Steve nodded. "What he did to me is just a bad memory. I'm not angry any more because I have my life back, and he can't do anything about that."
"How do you feel to know that he will probably die in jail because of you?" Bennett was deliberately goading his patient, wanting to see how he would react.
"Not because of me, but because of what he did to me," Steve corrected calmly. "I guess I feel like I do with any other criminal, but maybe a little more satisfied because it's personal."
"What about Donald and Tucker Baxter? I know you were thinking about helping them out."
"I'm gonna think about that a little longer before I do anything," Steve replied. "It might be good for my dad and me to set an example for them, but I still don't know if it's a good idea to get too involved with them. Dad's still on the fence, too. We need to talk it over some more."
Bennett said, "I know how highly you value your dad's opinions. How do you think he will feel about the way you conducted yourself today?"
"I think he'll be proud of me, and relieved that it went all right."
Bennett nodded. "It sounds to me like you're ready to go back to work. What do you think?"
"I think you're right," Steve said with a grin.

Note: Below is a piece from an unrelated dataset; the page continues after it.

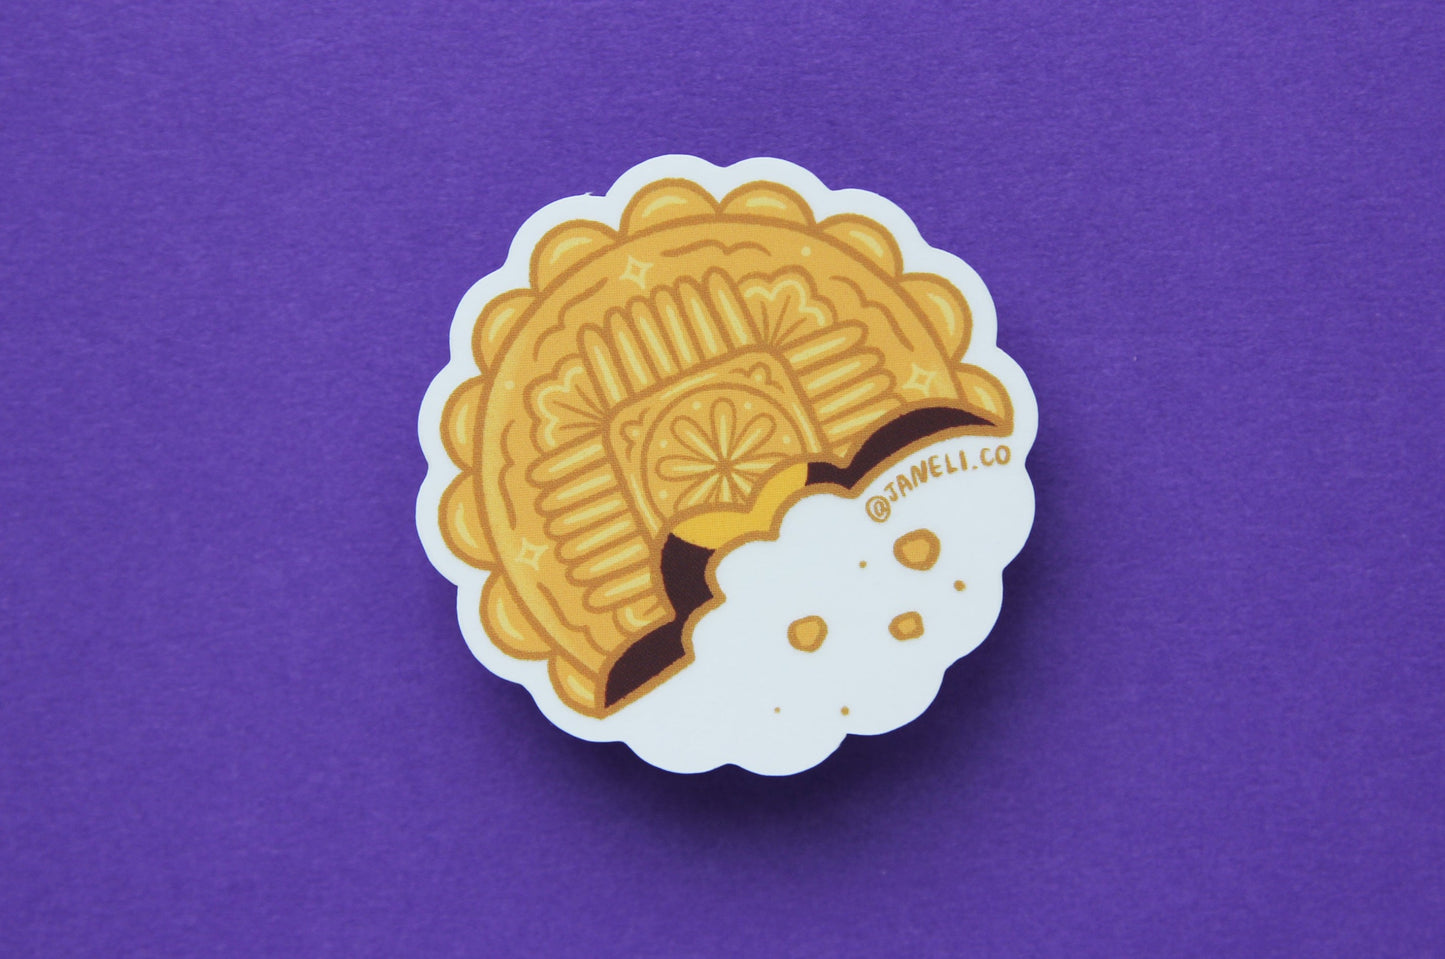 A JaneLi.Co sticker of a mooncake over a purple background. 
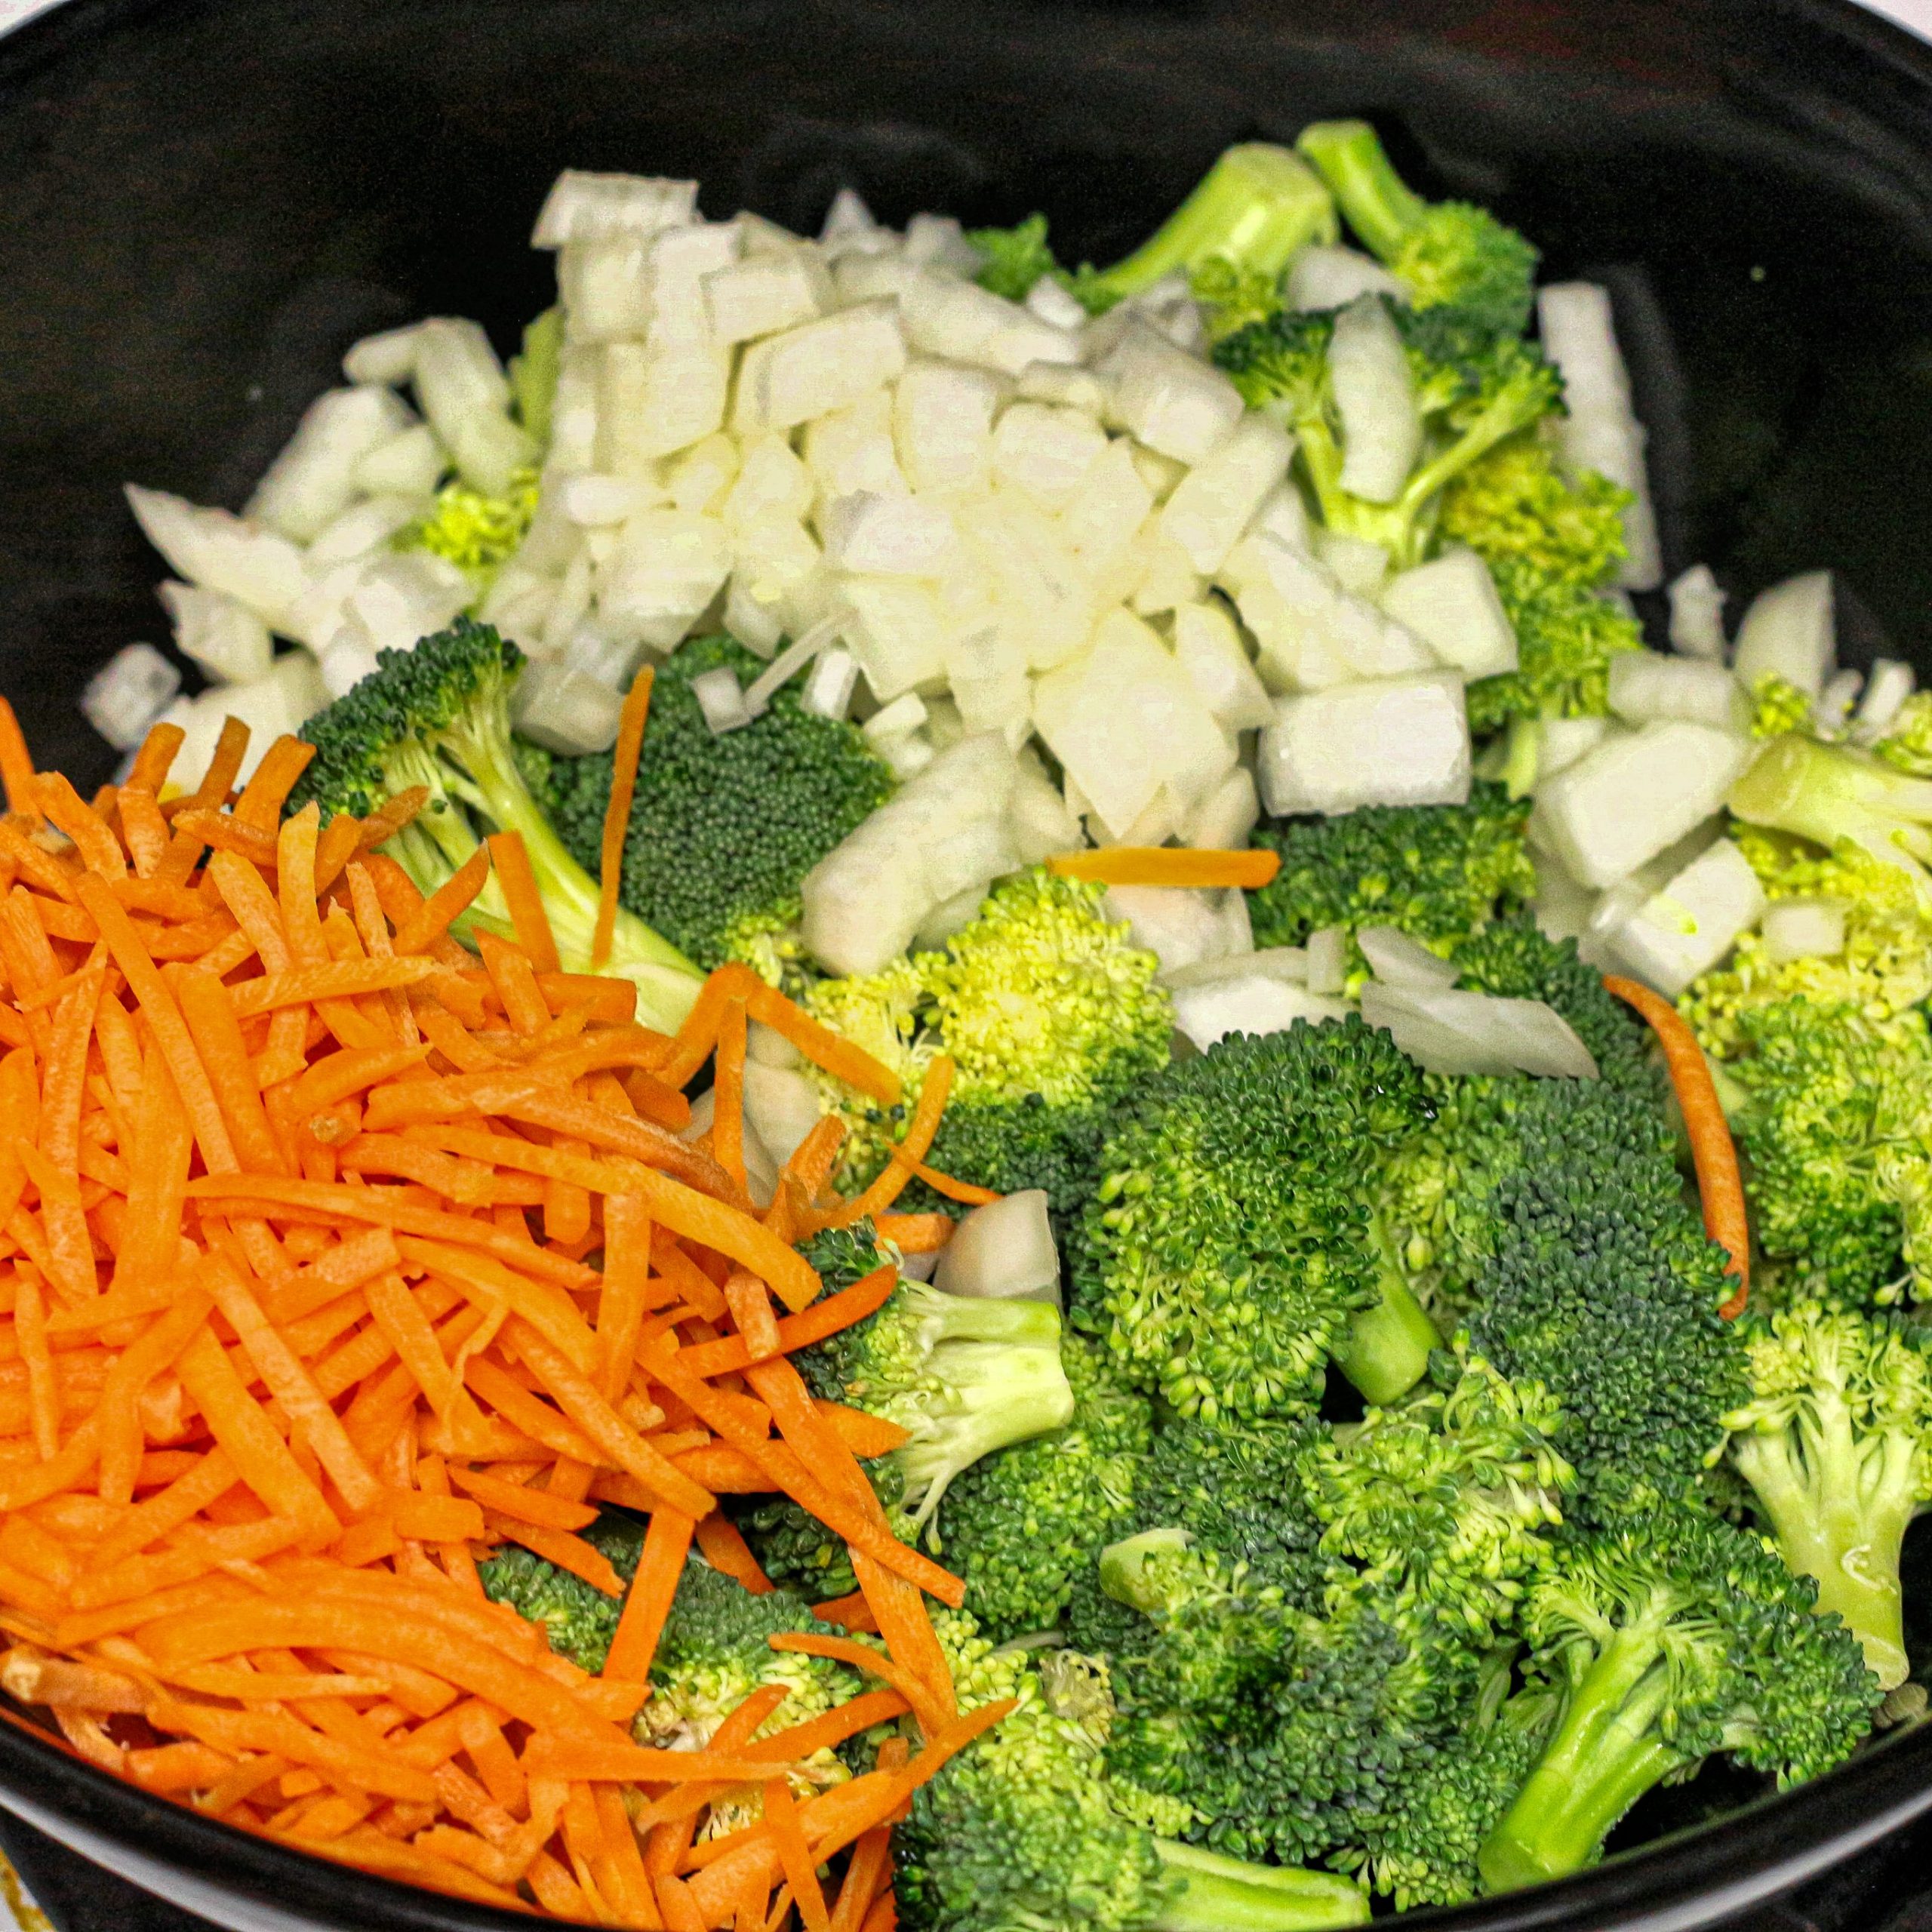 Stir-fry broccoli, carrots, and onion in the remaining oil. Add the beef and sauce.

Bennett came around the desk and extended his hand to shake. "I'll contact your captain and let him know you'll be back on Monday, but only for desk duty the first week. Then, if there are no problems, you can go back to your normal work."
As Steve left the office, his step was lighter than it had been in a long time, and as he walked down the hall, memories came to him: a man holding his infant son; two kids, one a little over six feet tall, and one barely over four feet, playing cowboy; kids riding dirt bikes, his mother fretting for his safety and his father urging him on; proud parents congratulating a newly minted police officer; a worried father watching him go out into a forest fire; searching frantically for a missing friend and trying to help him when he came back lost and confused; helping another friend track a serial killer without becoming a victim herself. Through it all, and through everything he had ever done in his life, one thing remained constant, made the good times sweeter and the bad times bearable, a father's love.